La juridiction de renvoi lituanienne a indiqué qu’elle n’était pas certaine de l’étendue du pouvoir discrétionnaire des autorités de vérifier la présence dans la viande de volaille fraîche de types Salmonella ou de micro-organismes pathogènes autres que ceux énumérés dans les règles de l’UE.

Action en cas de soupçon que les aliments ne sont pas salubres
Les gouvernements lituanien, tchèque et italien et la Commission européenne ont déclaré que bien que Salmonella Kentucky et Infantis semblent être moins répandues que Salmonella Typhimurium et Enteritidis, des effets néfastes sur la santé ne peuvent être exclus.

La réglementation européenne stipule qu’une autorité peut effectuer des échantillonnages et des analyses supplémentaires pour détecter d’autres micro-organismes, soit dans le cadre d’une vérification des processus, pour les aliments suspectés d’être dangereux, soit pour l’analyse des risques.

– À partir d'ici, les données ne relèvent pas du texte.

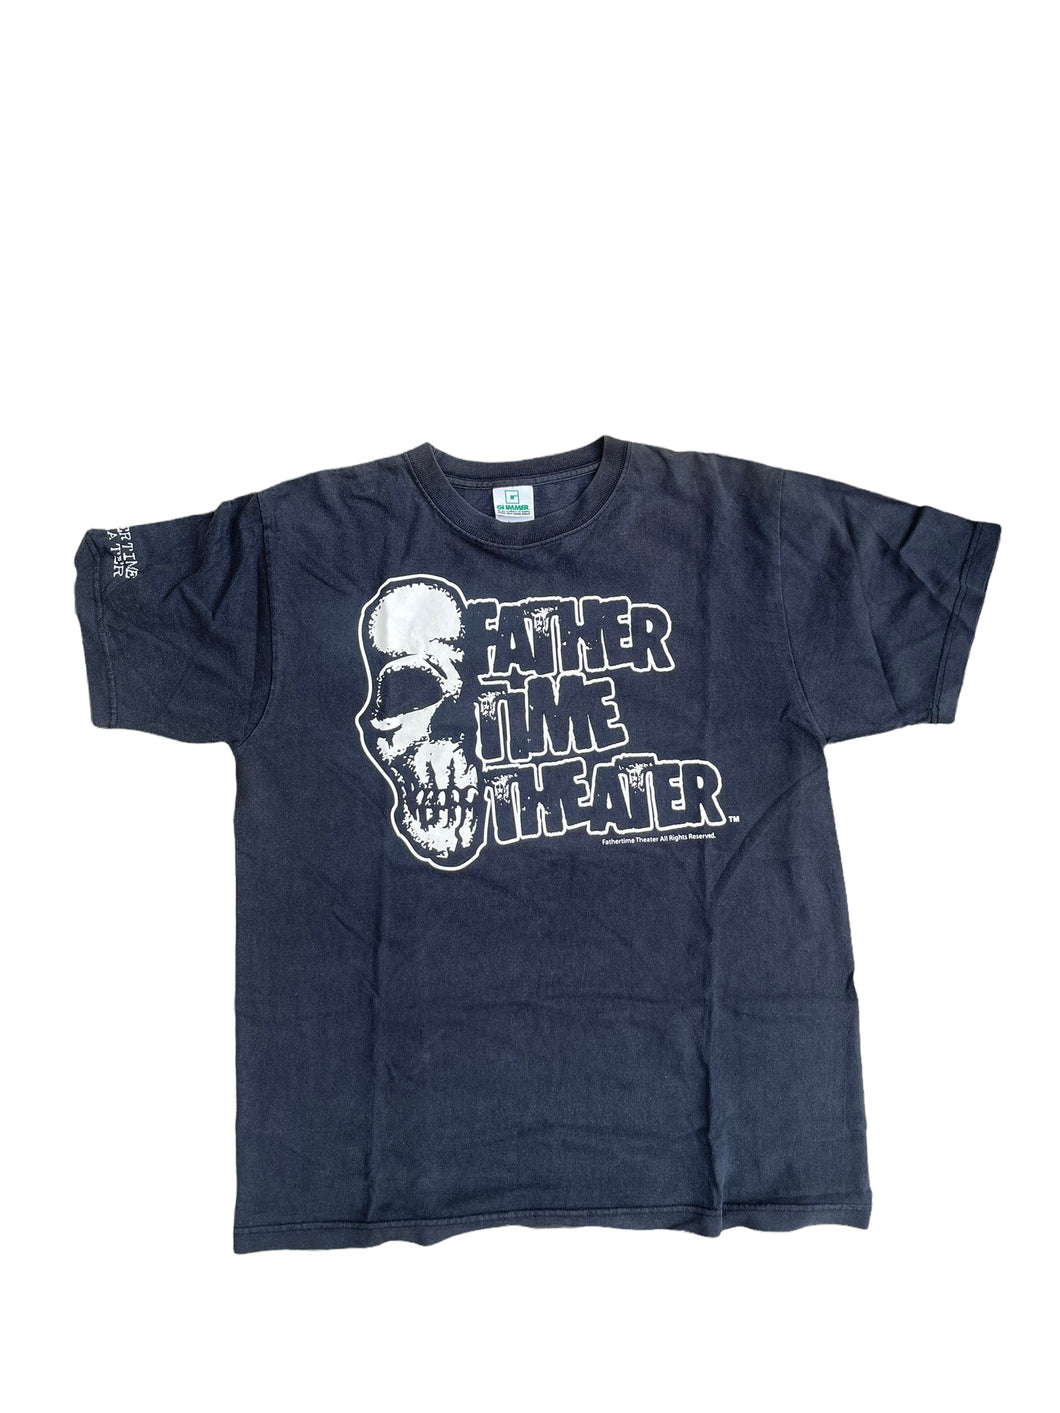 Fathertime Theater Vintage Band T-Shirt

Bien que les critères microbiologiques du règlement 2073/2005 ne s’appliquent qu’à certains agents pathogènes, la loi stipule qu’une autorité ne doit pas se limiter, lors de l’analyse des aliments, à vérifier si seuls ces micro-organismes sont présents.

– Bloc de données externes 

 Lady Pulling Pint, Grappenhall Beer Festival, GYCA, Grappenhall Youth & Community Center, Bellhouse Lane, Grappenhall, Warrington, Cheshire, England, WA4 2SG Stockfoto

La Cour de justice de l’UE a conclu que les règles doivent être interprétées comme signifiant qu’une autorité nationale peut juger que la viande de volaille fraîche n’est pas sûre si des micro-organismes pathogènes autres que les deux types de Salmonella répertoriés dans le règlement de l’UE ont été détectés.

L’arrêt a ajouté qu’il appartenait à la juridiction nationale de déterminer si la présence de Salmonella Kentucky et Infantis peut justifier les mesures adoptées par l’autorité, le cas échéant.

Le directeur du VMVT, Mantas Staškevičius, a déclaré qu’il existe de nombreux sérotypes de Salmonella qui présentent un risque pour la santé humaine, mais qu’ils ne sont pas tous répertoriés dans la législation de l’UE.

« Bien que l’entreprise ait tenté de faire appel du fait que le règlement ne répertorie pas les bactéries présentes dans la viande importée, le tribunal de l’UE a précisé que seuls des aliments sûrs doivent parvenir aux consommateurs. Nous n’avons pas et ne ferons pas de compromis sur la sécurité alimentaire. Cette décision du tribunal a confirmé que nous avions raison », a-t-il déclaré.